Monday, 16 May 2011

The Countdown Begins...

Countdown to departure: 13 days.  Whoa.  Could barely drag myself out of bed this morning in spite of the fact that the baby slept through the night.  Half of me was super-motivated, “I’m going to blitz the house!  Tidy things up, wrap up the organization, and clean one more time before the movers get here next Monday!  It’ll be great!”  Then  I was going to go traipsing about in London and the countryside for the rest of the week.  Alas, in spite of working my butt off all day I didn’t even finish the kitchen.  Perhaps I should have done what the other half of me wanted and gone back to bed and pulled the covers over my head.  
This is hard.  I don’t do well with this unknown stuff.  It’s so clear I need a lesson in being in the moment.  Or...well, I’m getting a lesson.  So far I’m pretty sure my grade is a D minus--not an F perhaps, but pretty darned close.  I keep living in the moment we arrive.  The moment we find a house.  The moment I get schools squared away.  I live in the moment where we can’t find a good house too.  The moment the only school is a crappy one where the teachers are mean and the lunch lady tries to poison the kids.  I live in the moment where we end up on the streets.  Or worse--a tiny 2 bedroom basement apartment with a leaky ceiling and no heat. Yes, I am a touch dramatic.  But dude, the internal monologue is a real doozy these days. Sure, it’s silly--I have a oodles of evidence that the world is a friendly place and that everything will work out swimmingly.  The bottom line is that I’m over it.  I’m tired.  I’ve been cheerful and chilled-out and cool about this whole ‘we’ll get there when we get there and we don’t know where ‘where’ is but it’ll be grand!’ thing.  Cheerful and chilled-out is one thing--brave is quite another. My inner-control freak is freaking out.  
Scott asked me today what would be gained by knowing.  What would it change if I knew?  If I knew where we would live.  If I knew where the boys would be going to school.  If I knew...how would things be different right now? How would I be planning or acting or what would I be doing differently? After I told him I sort of wanted to punch him in the face I considered what he said.  I don’t know...I’d stop obsessing I guess.  I’d stop worrying.

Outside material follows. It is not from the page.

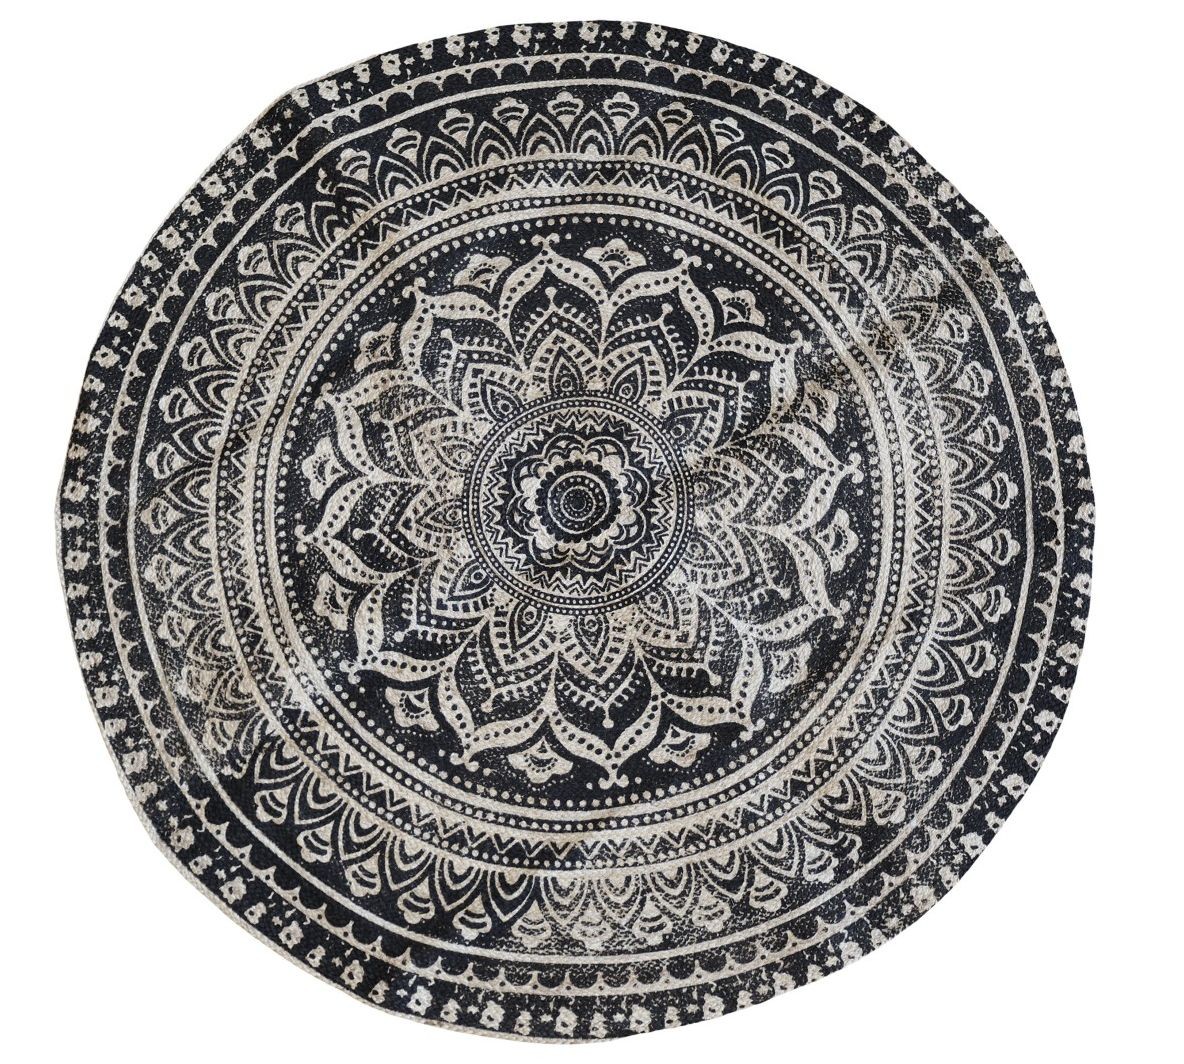 Přírodně - černý kulatý jutový koberec s ornamentem Ornié - Ø 160 cm 16886-24

I’d work on plans for the one scenario instead of making wildly obsessive plans about the 784 fabricated scenarios running through my head. I’m sure knowing would make me stop obsessing.  Right?  Right?  Don’t you think? Come on, back me up here.
Bridger came in a little bit ago--still up nearly two hours after he went to bed. “Mom?  My brain is too full.  I can’t shut my mind off.”  Poor kid. I have no idea where he gets it.